Never mawkish or sentimental, worthy of great respect rather than reverence.



Drouais’ Chevalier’s Children Dressed as Savoyards with their Dog
(© Courtesy of Frick Collection)



Boris Giltburg is especially famed for his Rachmaninoff, but the High Romantics are very prominent in his programs. Thus the second half opened with the Chopin Fourth Ballade. This time, I expected–and was satisfied–with a well‑organized painting of an explosive work. That was the result. Hardly clinical, yet somehow literal, objective.


Giltburg’s grand finale–oh, hell, anybody’s grand finale–was of course the Liszt Sonata. It is played frequently in New York (the last time was in October). Yet with the right virtuoso it becomes more and more wonderful, inscrutable, an exemplar of both inspiration and quantum cosmology.


Mr. Giltburg set the stage for this Colossus by sitting still for, what seemed like, two minutes. And then came those octave G’s which transfigured themselves like an insoluble puzzle.


The entire work was played with transparency, with care, without even a nuance of mania. Yet if one thought it was too proper, this writer is utterly moved by all pianists capable of is challenges.

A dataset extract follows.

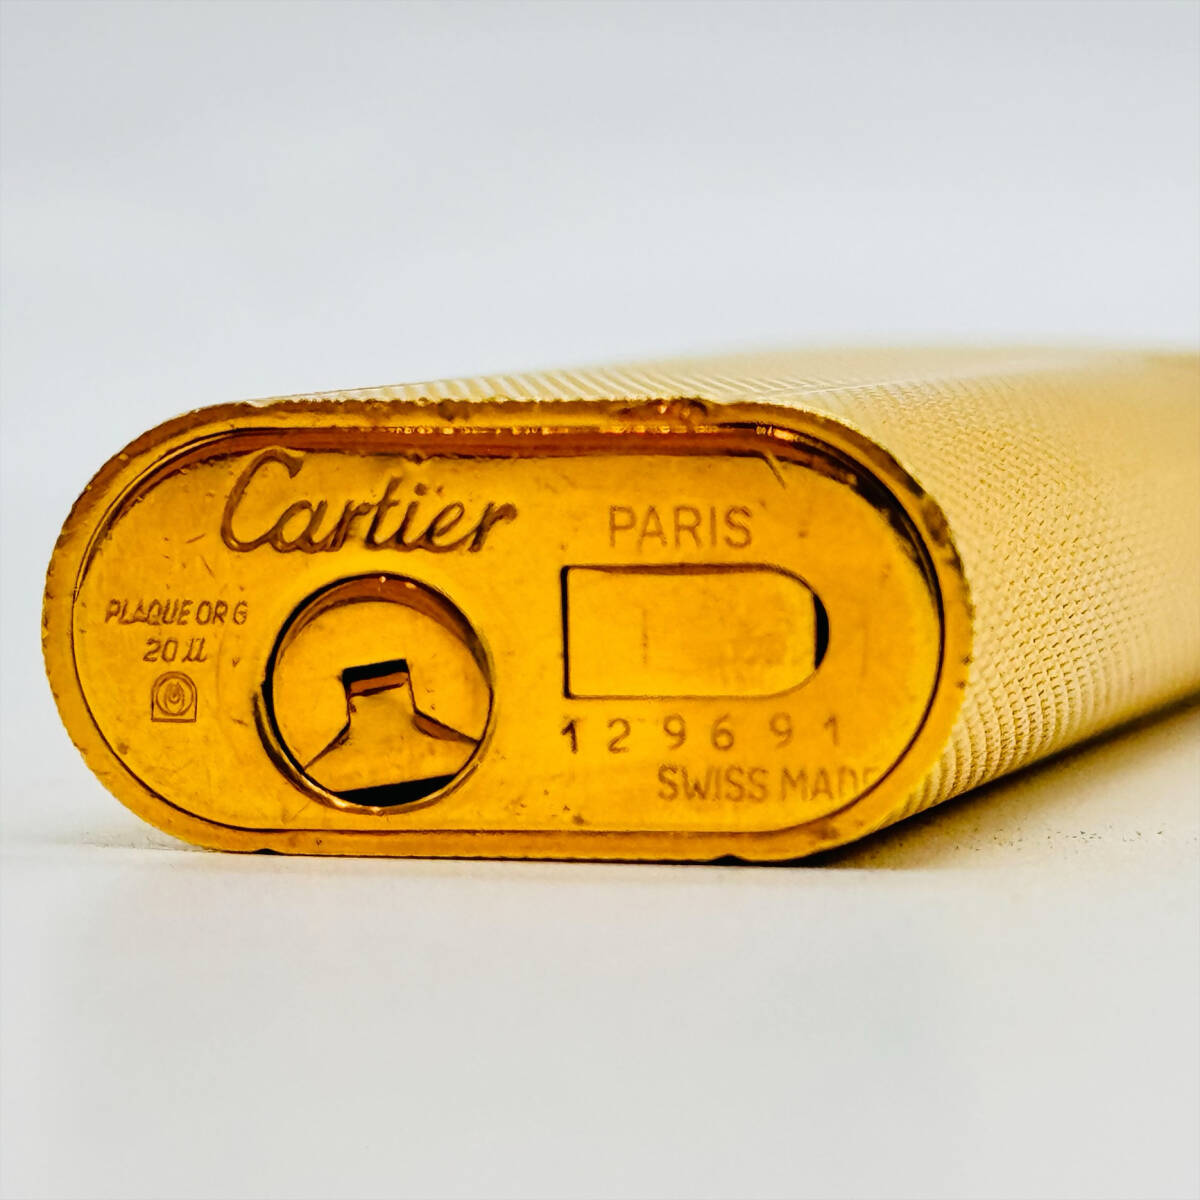 Cartier カルティエ ライター ゴールドカラー 14988 1円出品 高級 ブランド 喫煙具 ガスライター おしゃれ かっこいい タバコ 煙草_画像8

On the subway, I met a persnickety concertgoer, who sneered, when I told how moved. Still, Mr. Giltburg played with poignant care, with the ineluctable changes, and with an artist’s deference rather than demonization.


An encore of Schumann’s Arabesque was pretty enough. But the Liszt keyboard behemoth needed no further piano. Outside, the weather was slushy, misty, rainy, snowy. Yet thoughts of Boris Giltburg’s Liszt created an aural aureole over 70th Street. And that was sufficient.